Charlie stood wavering by the door, waiting for his cab, not unhappily. A light rain was falling now, a cooling air blowing gently into the entrance of the Del Prado. Tom could see Slim pacing under the awning in her red dress, drawing impatiently at her cigarette.
“Then you took up with the union. That was some trouble! You didn’t know it, but oh, those b’hoys wanted to throw you right in the river!”
“Did they now, Charlie?” Tom asked, struck by that remark but unable to say just why. Thinking that his brother might be right—the thin air making it hard for him to concentrate, after only the half glass of wine he had imbibed.

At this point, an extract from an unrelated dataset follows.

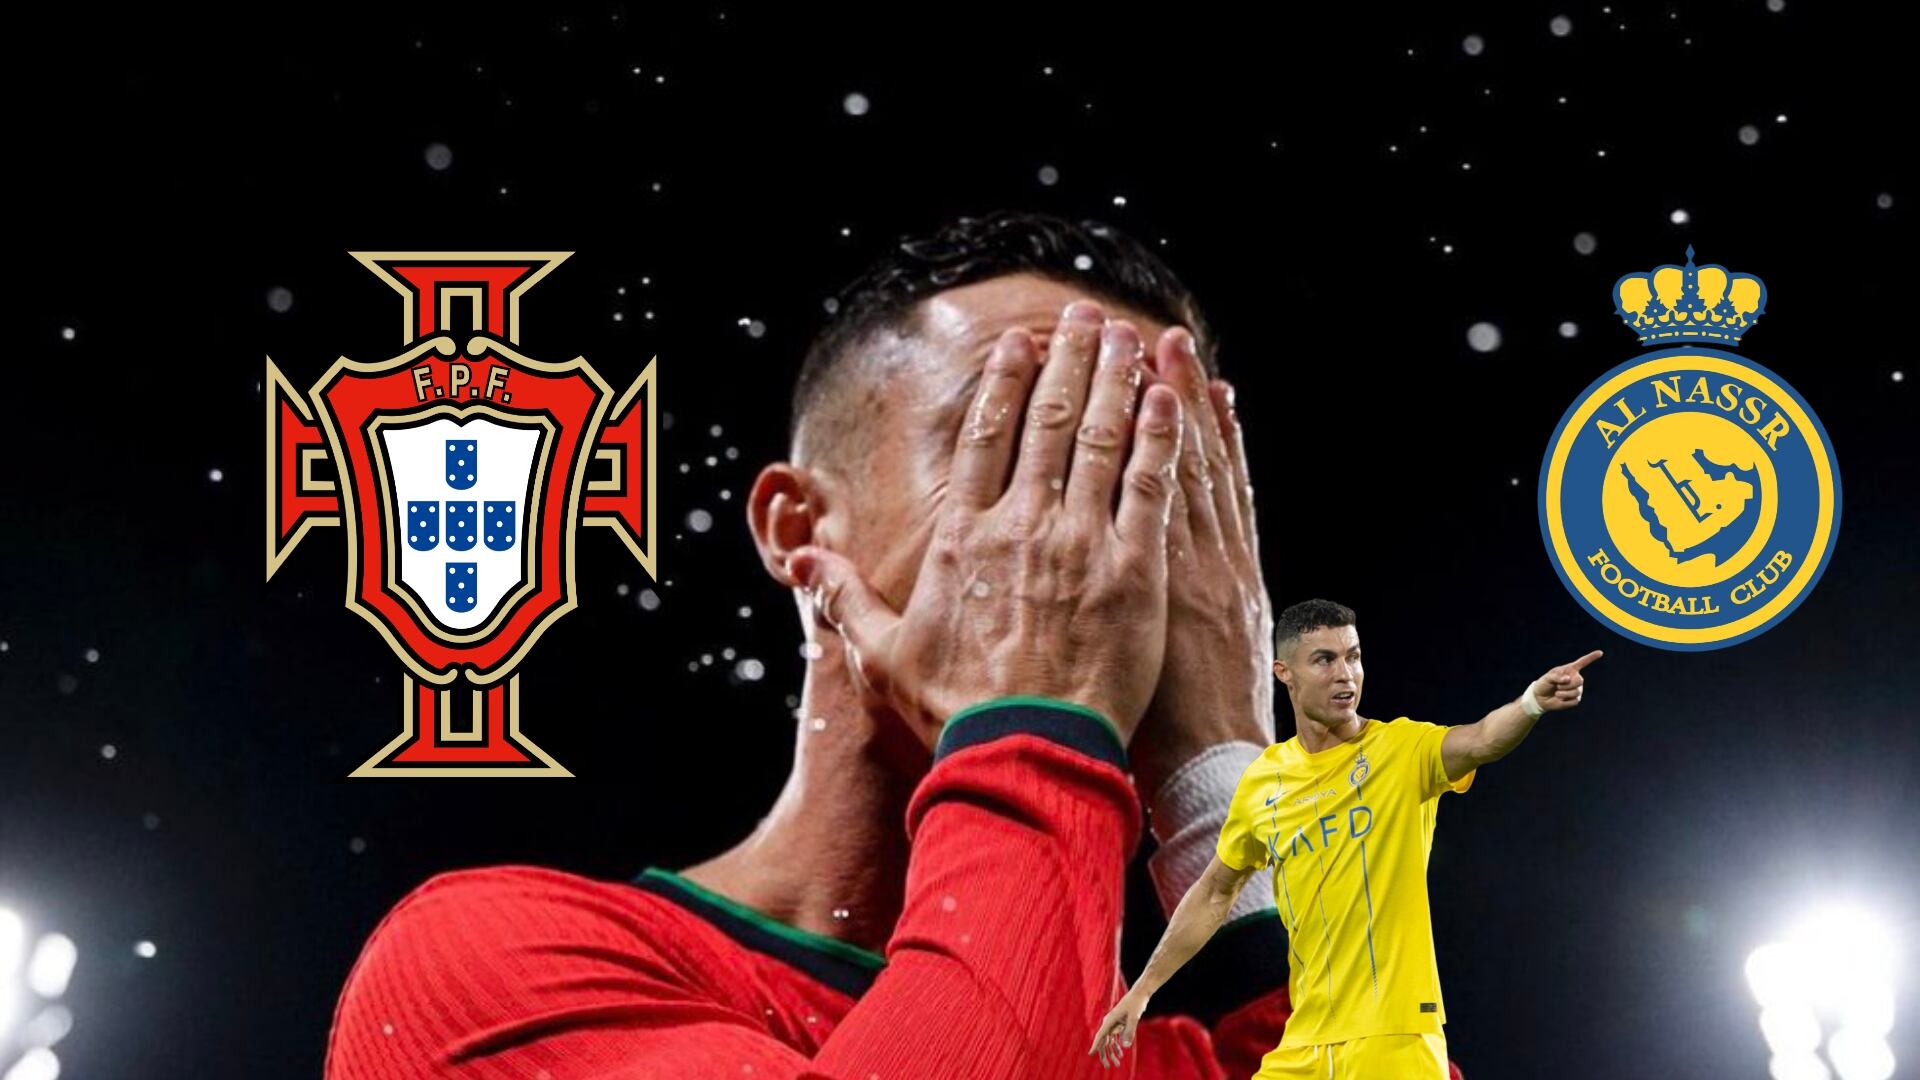 Cristiano is their star and most beloved, but the reason why Al Nassr will not be cheering for Portugal in the Euros

“Do you remember that meeting down at Saint Stephen’s hall? When you gave your first speech?”
“Don’t remind me, Charlie! I worked on that speech for two whole weeks,” Tom said, shaking his head ruefully. “The priests down there helped me write it all out in Italian. I memorized all the pronunciations, the accents . . . ”
Going over and over it in his room up at Mrs. Maguire’s boardinghouse. Studying every gesture in front of the mirror as if he were O’Connell himself, out to talk before a monster rally.
“It was a full house, too,” Tom continued. “All those longshoremen. And I did read it beau-tifully, if I say so myself. And then I said—in Italian!—‘Freedom of speech has come at last to the waterfront, where now a man may speak without fear!’ Oh, you should’ve seen it, Charlie!”
“I wish I did. I wish I did!”
“And then, when I was all done, I hear a voice from the back of the room. ‘Mister,’ it says in English—”
A voice like a hoe being raked over gravel. As serious as death.
“‘Mister,’ the voice says, ‘why you mean anybody can go up there an’ speak?’ And I say, ‘That’s right, man. That’s what we’re here for.’ And the voice asks again, ‘You mean anyone can just go up there an’ speak right now?’ And I says, ‘Put away your fears! Come forward now, an’ tell us your name!’”
“And up comes Tony Anastasio!” his brother chortled. “Tough Tony, brother of Albert Anastasia, the Lord High Executioner himself!”
“Oh, but you shoulda seen ’em scatter! ‘My name is Anthony Anastasio,’ he says, in that bear growl a his, an’ ten seconds later there wasn’t another soul left in Saint Stephen’s hall.”
They were both laughing hard now, laughing as they had not done together since years before in Charlie’s office, recounting the follies of other men.
The cab came at last, and the doorman helped Tom cart his brother out to it. Pushing him gently into the middle of the back seat, Slim getting in after him, and Tom going around the other side so he’d be propped up between them. The boy in the tattered blue shirt running up, Tom saw—too late. Waving the lotería strips at them again, the lists of numbers flashing by the window.
Charlie still talking as they pulled away from the curb. Mumbling now, and almost out, but Tom realizing nonetheless that he was listening to both a defense and a confession.
“So isn’t it possible,” Charlie said, slurring his words, “isn’t it possible your big brother didn’t know what the hell he was doin’ either?” before he passed out in his seat.